ISFA League, Co-National Champion
- Conference: Intercollegiate Soccer Football Association
- Record: 5–1–1 (5–0–0 ISFA)
- Head coach: William Jeffrey (1st season);
- Home stadium: New Beaver Field

= 1926 Penn State Nittany Lions men's soccer team =

Penn State Nittany Lions men's soccer 1926 season

The 1926 Penn State Nittany Lions men's soccer team represented Pennsylvania State University during the 1926 season playing in the Intercollegiate Soccer League. It was the program's 16th season fielding a men's varsity soccer team. The 1926 season is William Jeffrey's first year at the helm.

== Background ==

The 1926 season was the Nittany Lions' 16th season as a varsity soccer program, and their first season playing in the Intercollegiate Soccer Football Association League. The team was led by first year head coach, William Jeffrey, who had previously served as the head coach for the professional soccer team, Altoona Works.

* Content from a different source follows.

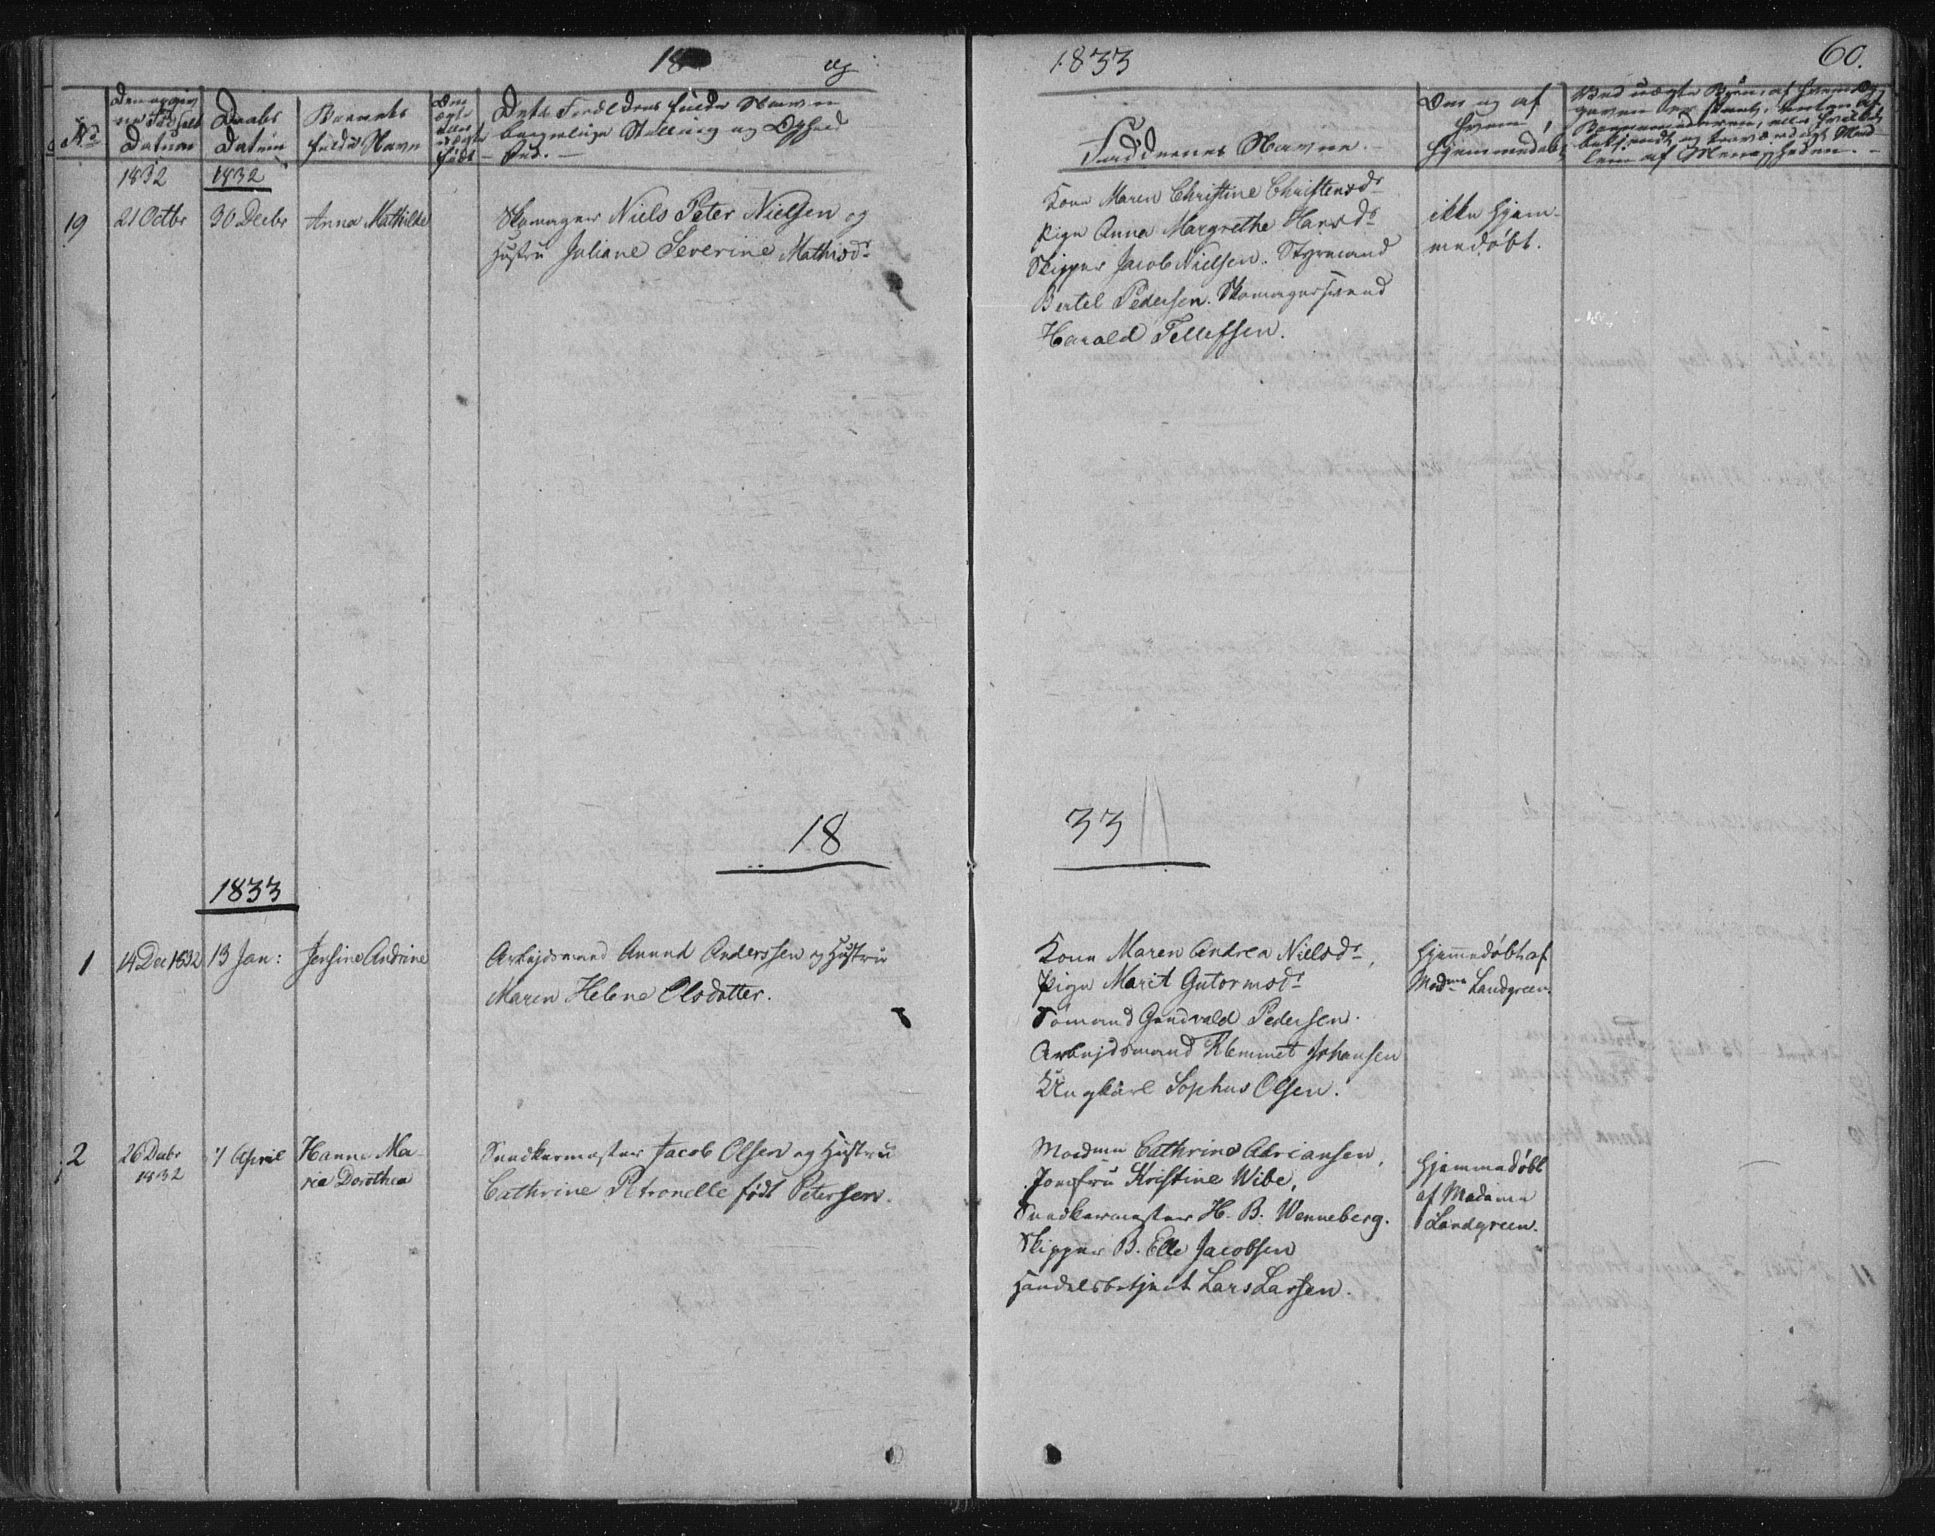 SAKO, Kragerø kirkebøker, F/Fa/L0005: Ministerialbok nr. 5, 1832-1847, s. 60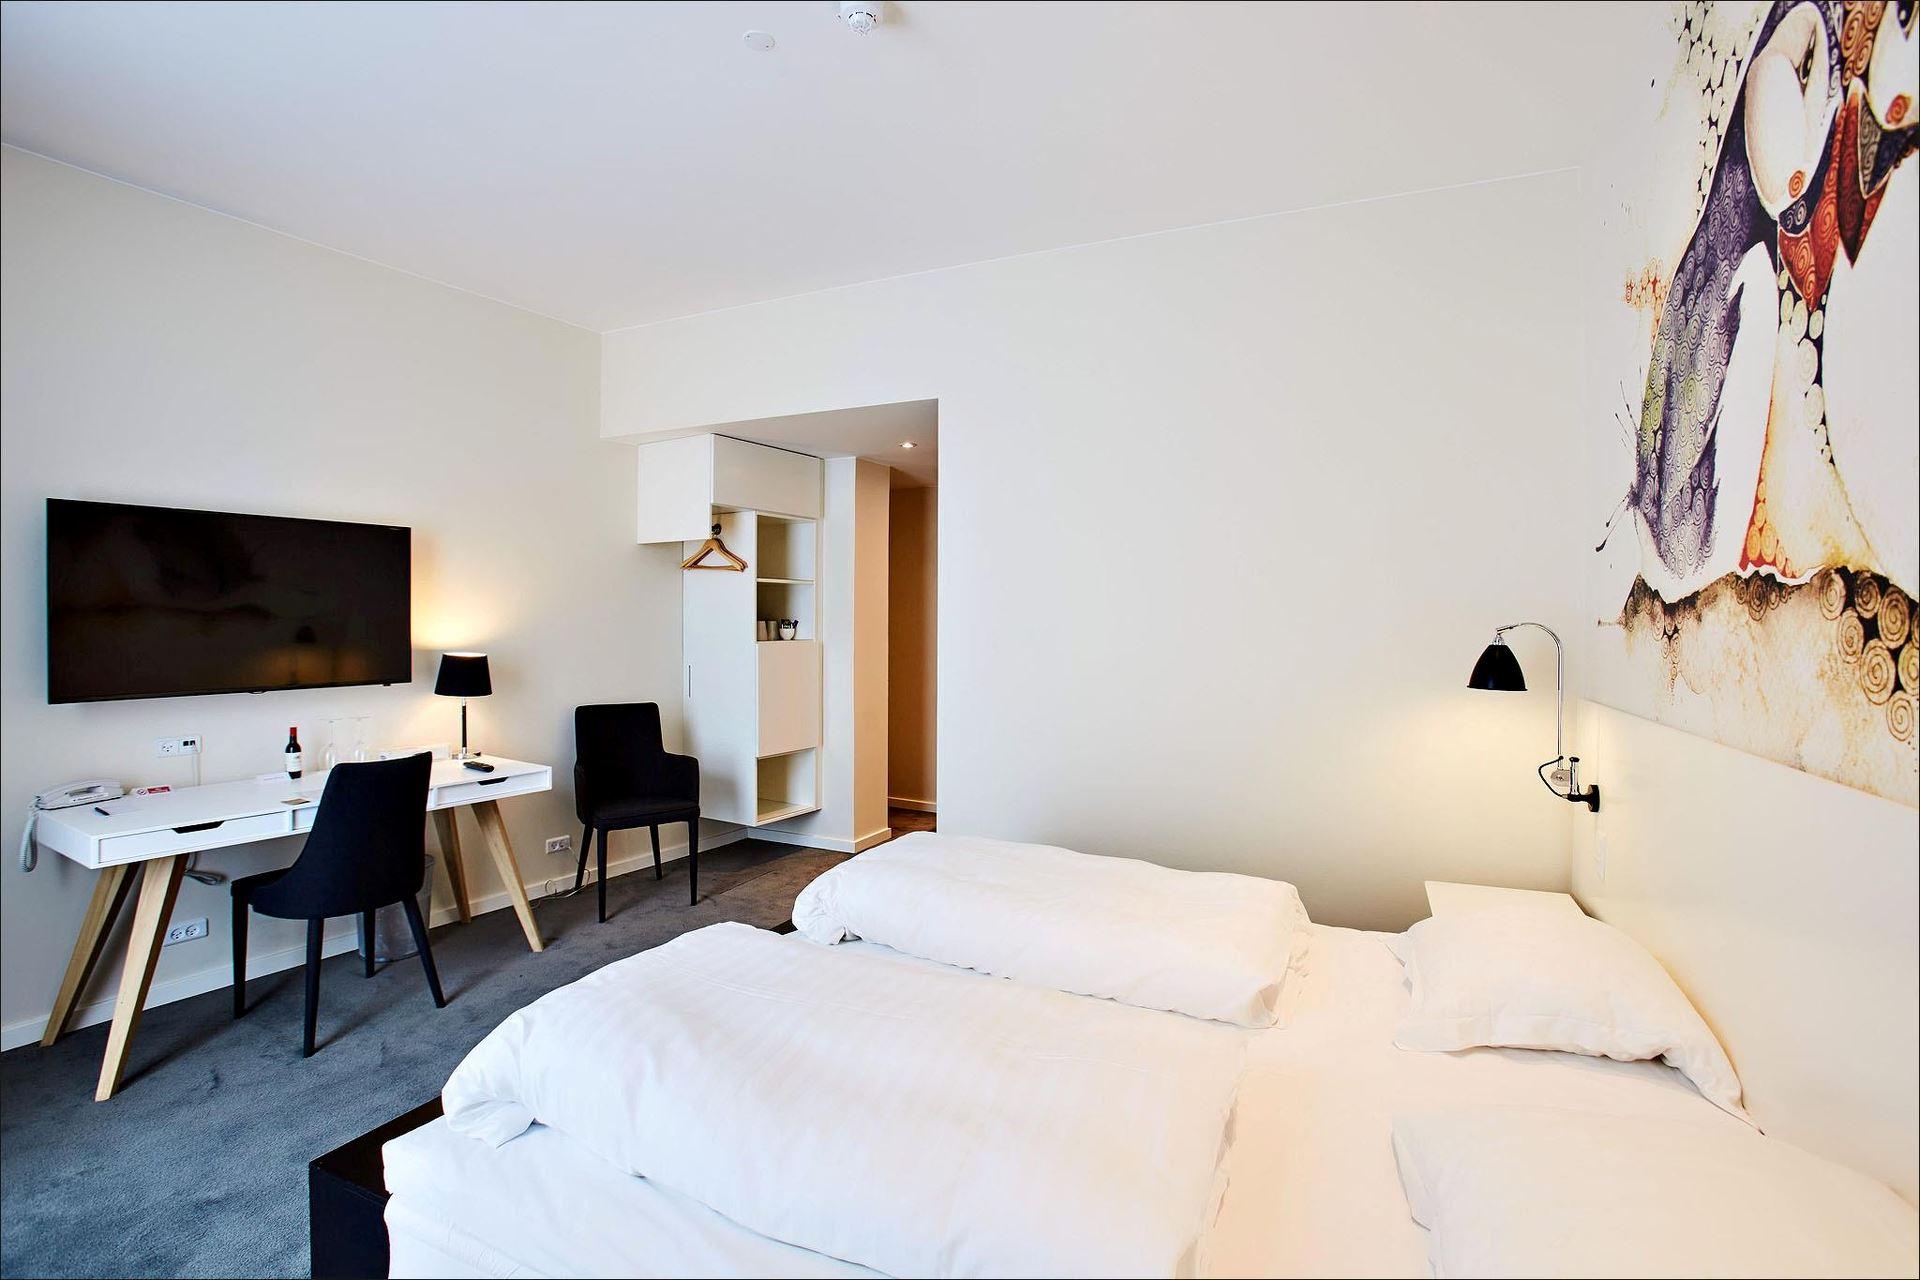 New Nordic room at Hotel Hafnia ©Hotel Hafnia

William Jeffrey was hired after the departure of former head coach Ralph G. Leonard. The arrival of Jeffrey came on Monday, September 13, 1926.

At the beginning of the 1926 season the initial Intercollegiate Soccer League was dissolved. Penn State, who had long to be admitted to the league was extended an invitation to be a part of the next version of the former league called the Intercollegiate Soccer Football Association. The ISFA was created as a broader organization and governing body that would be support a for collegiate soccer play across the country. Receiving an invitation to join the association alongside Penn State were Lehigh, Army, Lafayette, Navy, Colgate, Dartmouth, Williams, Amherst, Wesley and all six former members of the Intercollegiate Soccer League. Under the new rules of the association Penn State would be required to play four members of the organization during each season. Instead of a league title, national championships would be awarded by the association at the end of each season.

In their first season in the new league the Nittany Lions were crowned Co-National Champions by the Intercollegiate Soccer Football Association along with Princeton and Haverford. The team was the only in the league to remain undefeated.

== Schedule ==

| Date Time, TV | Rank^{#} | Opponent^{#} | Result | Record | Site (Attendance) City, State |
Preseason
| October 16* 2:30 p.m. |  | Altoona Works | L 3–1 | 0–1–0 (0–0–0) | New Beaver Field State College, PA |
Regular season
| October 23* 10:00 a.m. |  | Syracuse | W 5–1 | 1–1–0 (1–0–0) | New Beaver Field State College, PA |
| October 30 |  | at Penn | W 1–0 | 2–1–0 (2–0–0) | River Field Philadelphia, PA |
| November 6* 2:30 p.m. |  | Toronto | T 2-2 | 2–1–1 (2–0–0) | New Beaver Field (500) State College, PA |
| November 13 10:00 a.m. |  | Navy | W 5-1 | 3–1–1 (3–0–0) | New Beaver Field State College, PA |
| November 20 1:00 p.m. |  | Springfield College | W 2-0 | 4–1–1 (4–0–0) | New Beaver Field State College, PA |
| November 29 |  | Swarthmore | W 4-0 | 5–1–1 (5–0–0) | New Beaver Field State College, PA |
*Non-conference game. ^{#}Rankings from United Soccer Coaches. (#) Tournament seedings in parentheses.